*** Opening Information supplied ***

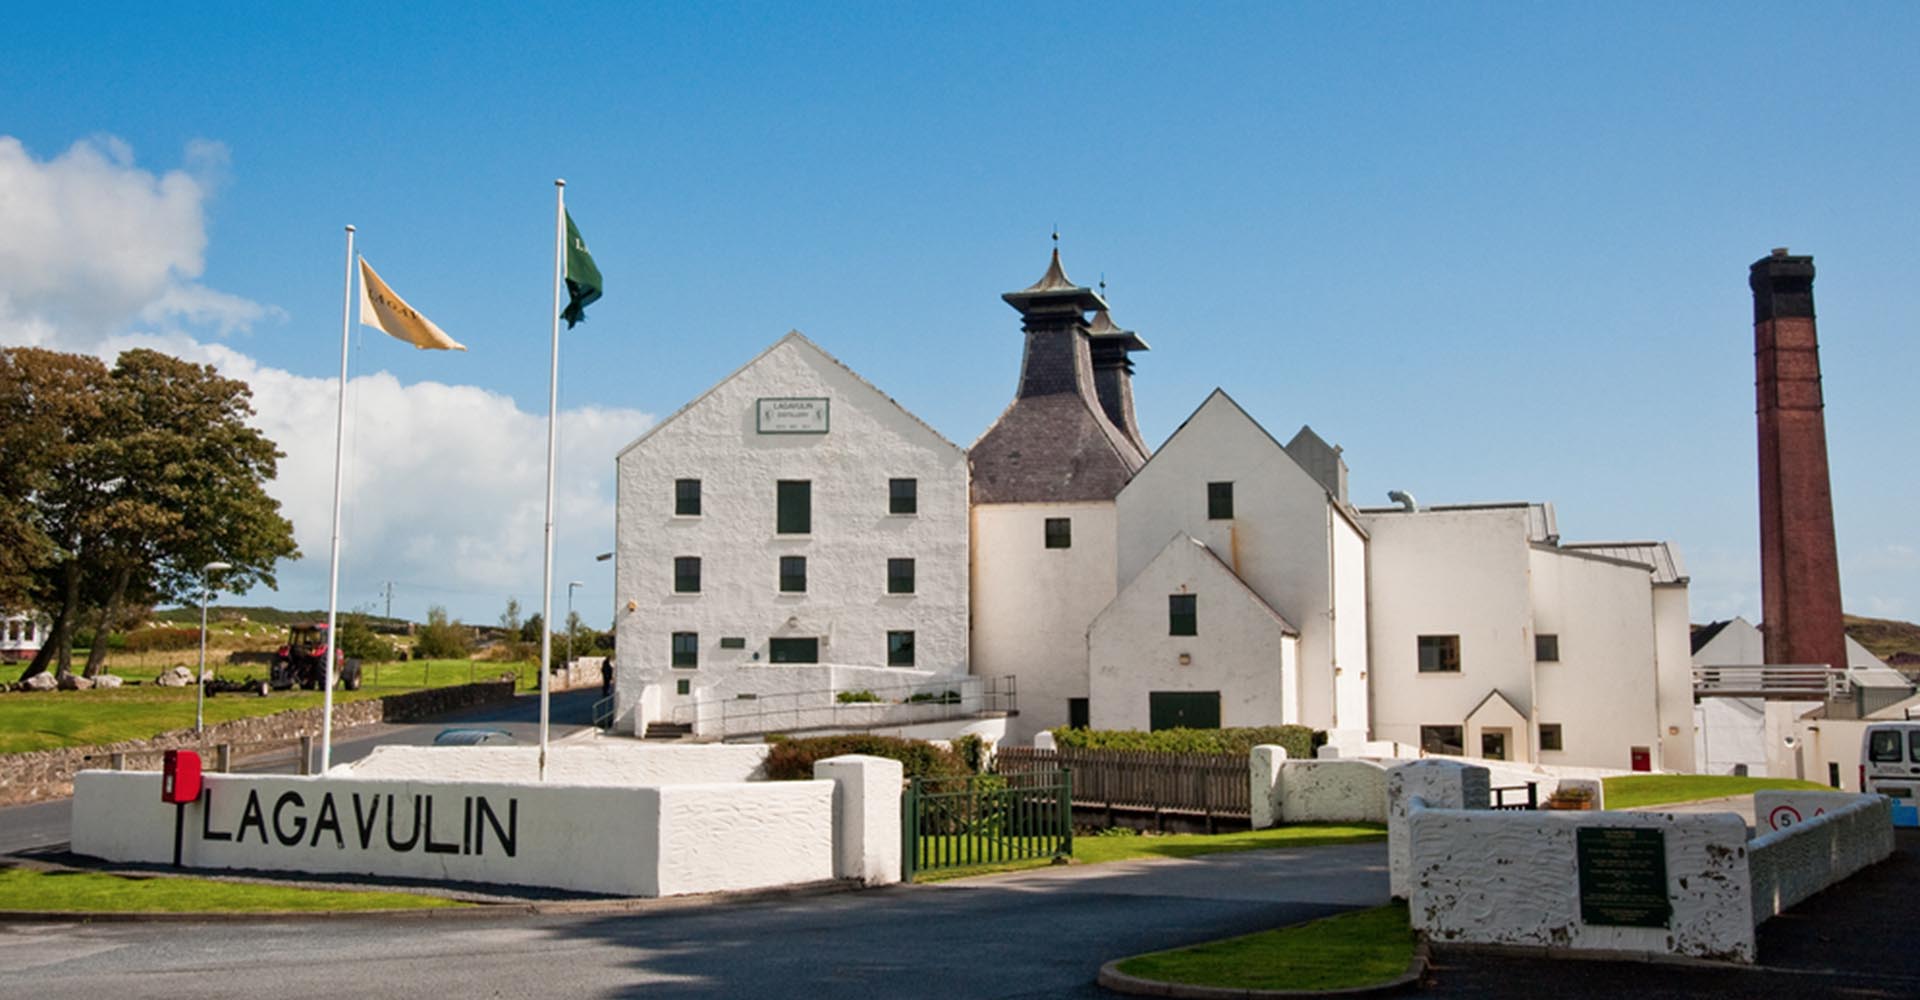 Lagavulin whisky distillery on Islay
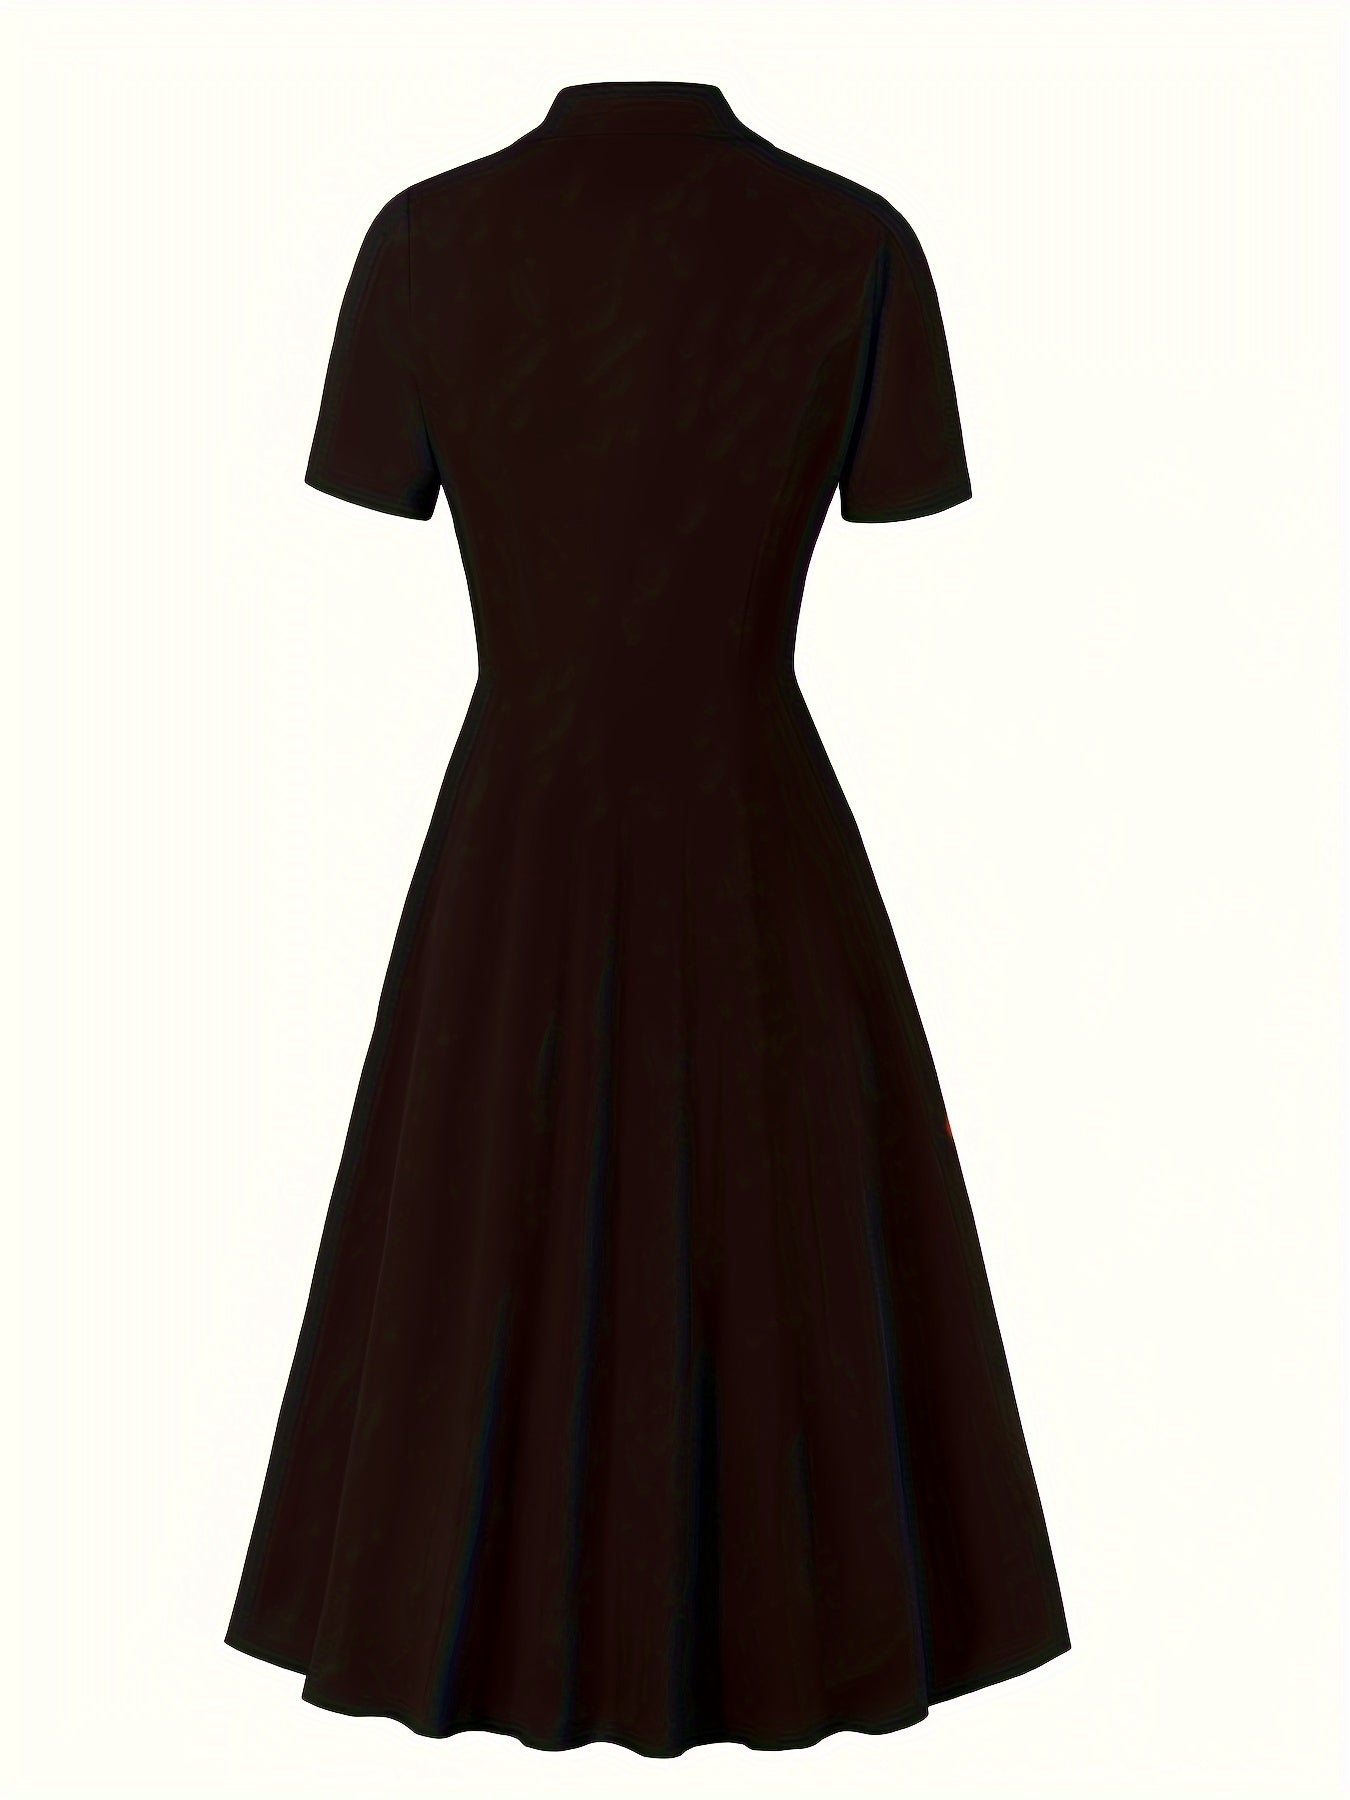 Antmvs Plus Size Retro Dress, Women's Plus Solid Double Breast Button Short Sleeve Lapel Collar A-line Maxi Suit Dress
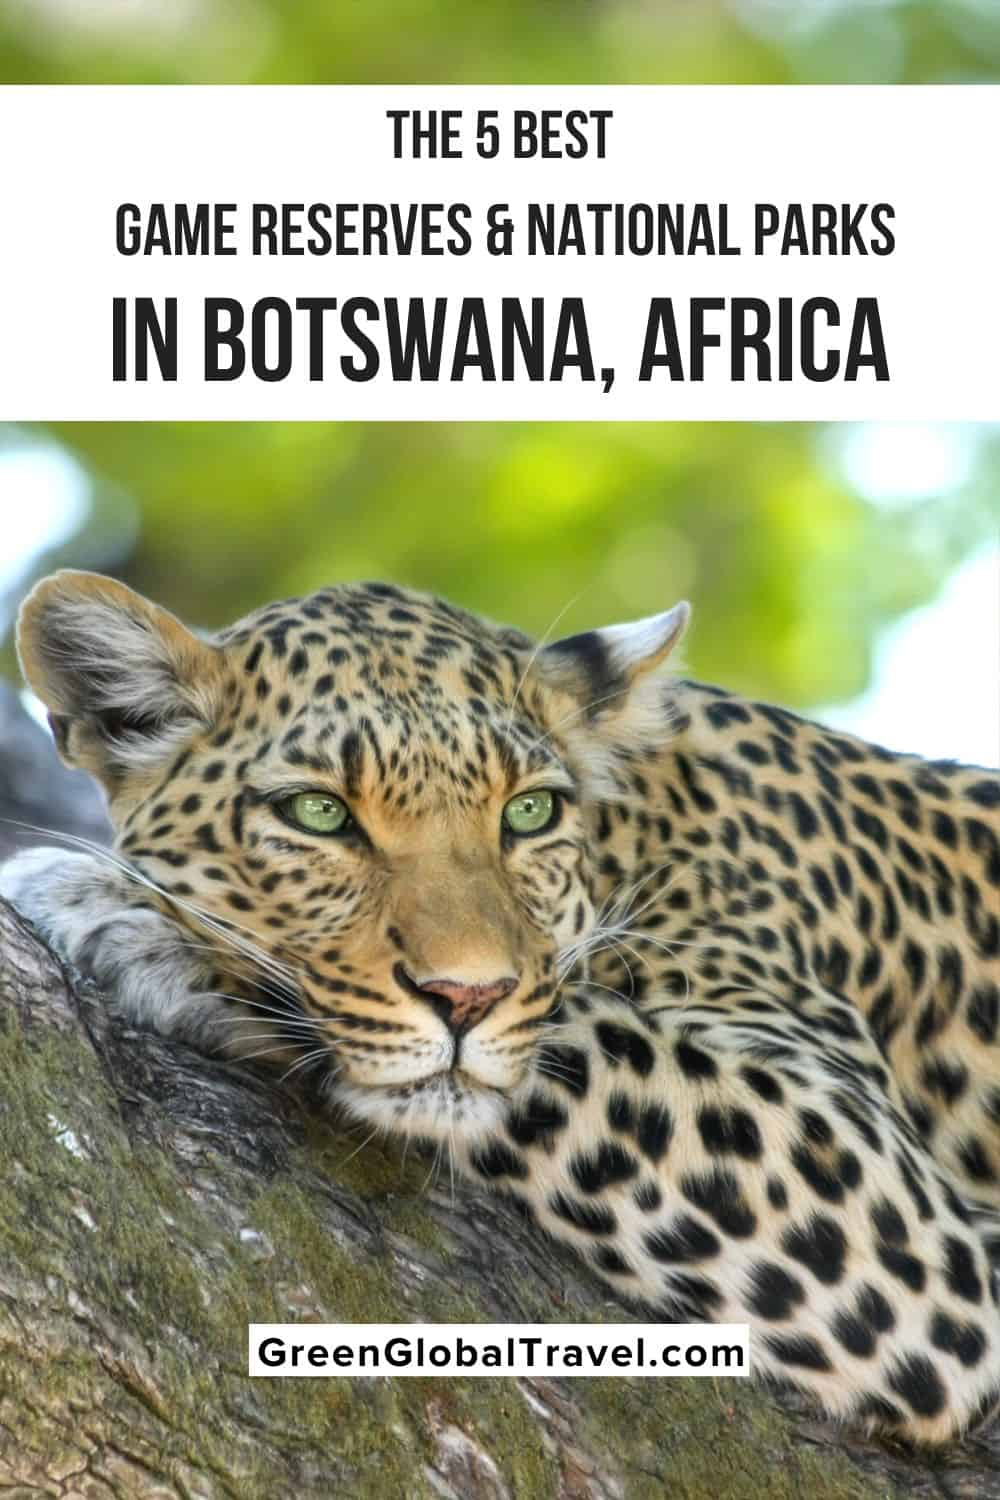 Una mirada a por qué la conservación de la vida silvestre de Botswana ha sido exitosa, y las mejores reservas de caza y parques nacionales de Botswana para visitar.  |  animales botsuana |  animales en botsuana |  animales de botsuana |  fauna en botswana fauna en botswana |  atracciones de botsuana |  mejores safaris en botswana |  animales kalahari |  safari africano en botsuana |  safari de vida salvaje en botswana |  safari de vida silvestre en botswana | safaris de vida silvestre en botswana
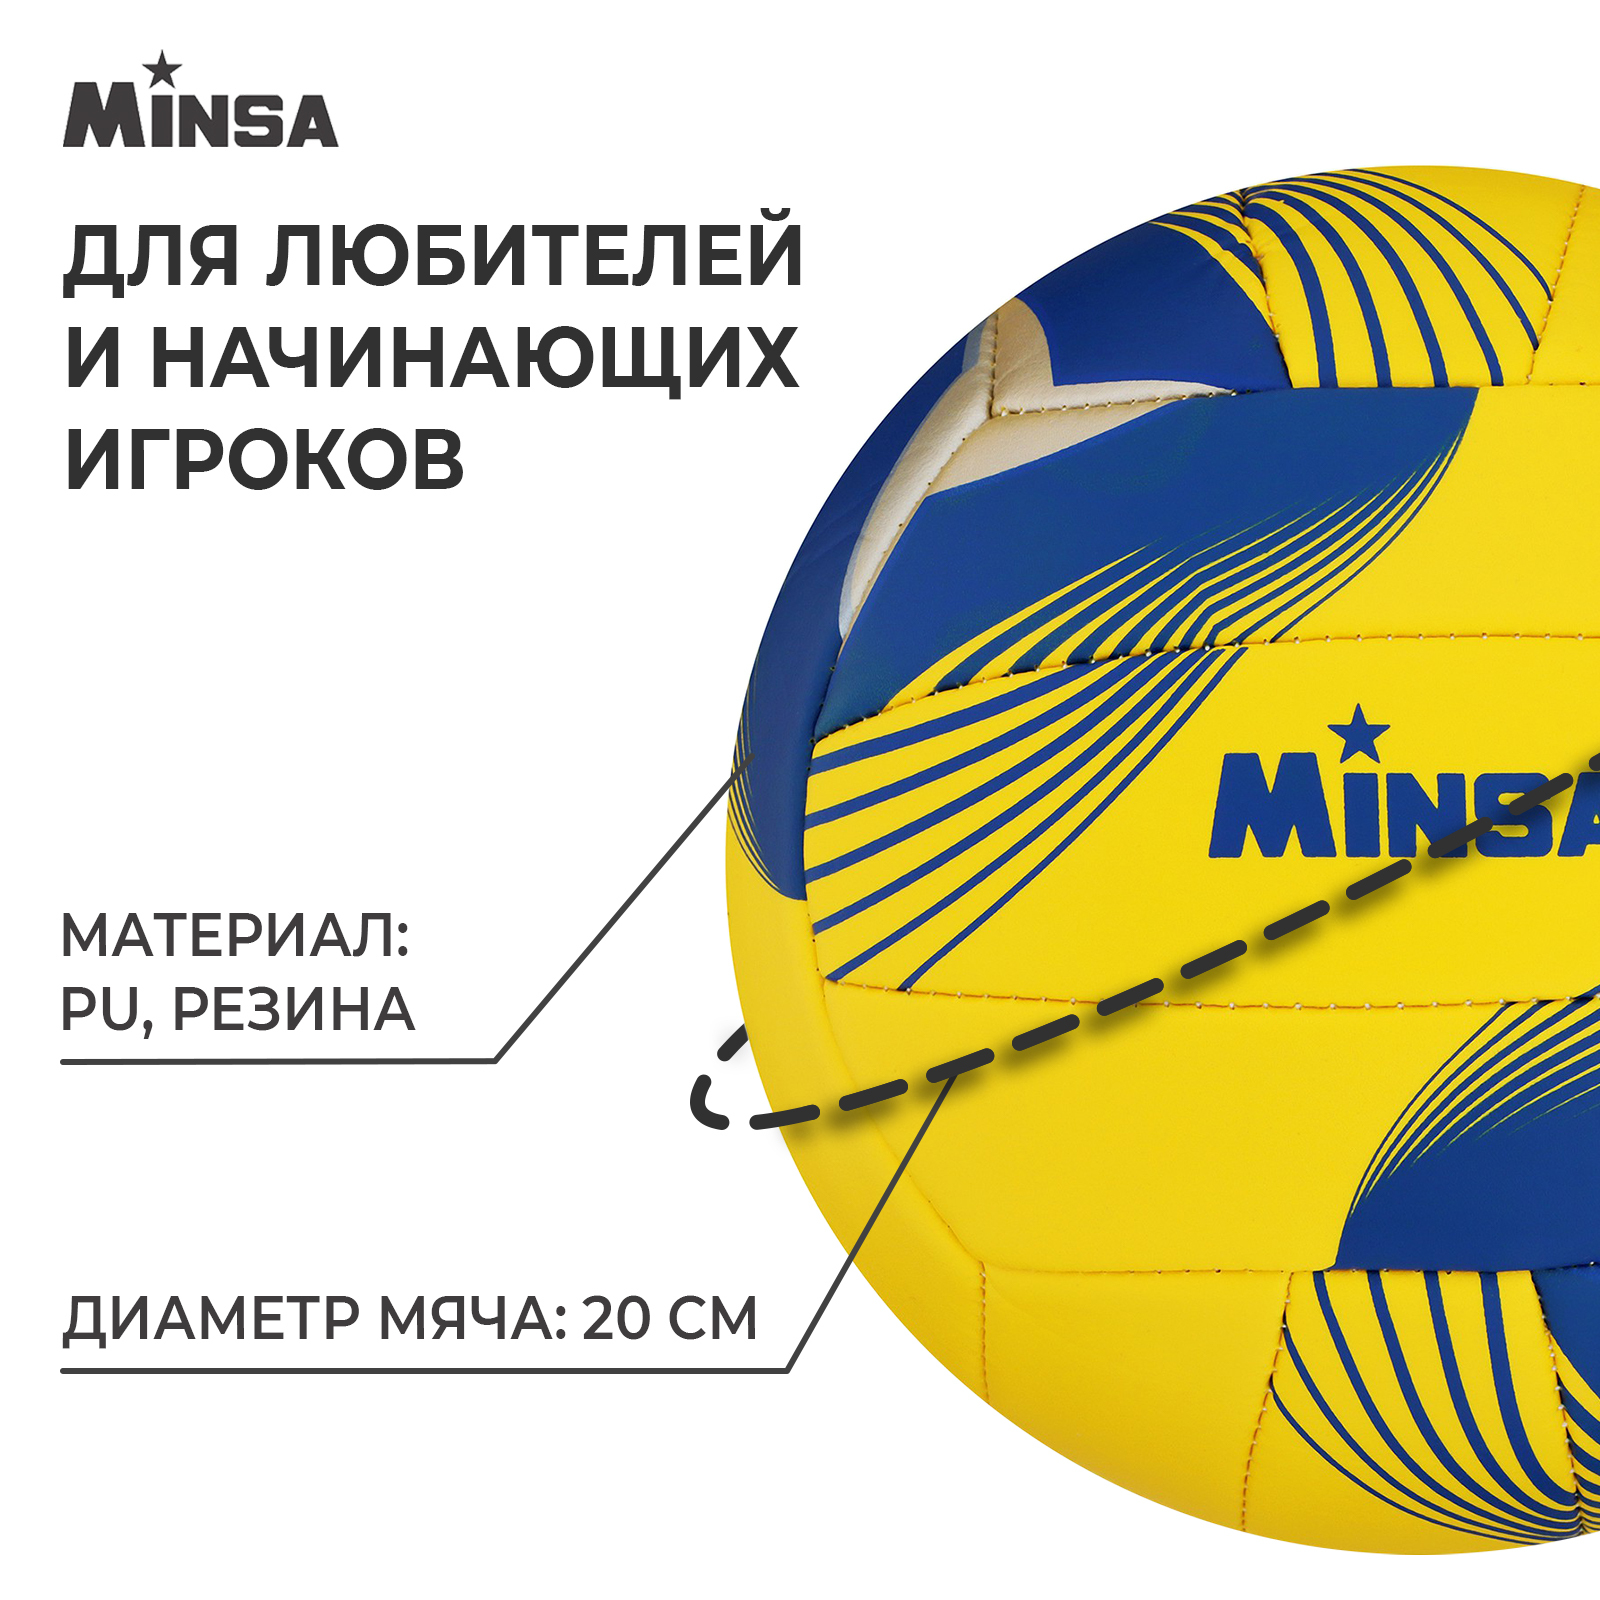 Мяч волейбольный MINSA, PU, машинная сшивка, 18 панелей, р. 5, 7560493

*** Closing Information supplied ***

**Your objective**. Provide the lines again, unchanged, from where the data above begins through the line containing "Una mirada a", both ends included, omitting pictures and adding nothing.

**Result for this exercise**.
 Lagavulin whisky distillery on Islay
 Antmvs Plus Size Retro Dress, Women's Plus Solid Double Breast Button Short Sleeve Lapel Collar A-line Maxi Suit Dress
 Una mirada a por qué la conservación de la vida silvestre de Botswana ha sido exitosa, y las mejores reservas de caza y parques nacionales de Botswana para visitar.  |  animales botsuana |  animales en botsuana |  animales de botsuana |  fauna en botswana fauna en botswana |  atracciones de botsuana |  mejores safaris en botswana |  animales kalahari |  safari africano en botsuana |  safari de vida salvaje en botswana |  safari de vida silvestre en botswana | safaris de vida silvestre en botswana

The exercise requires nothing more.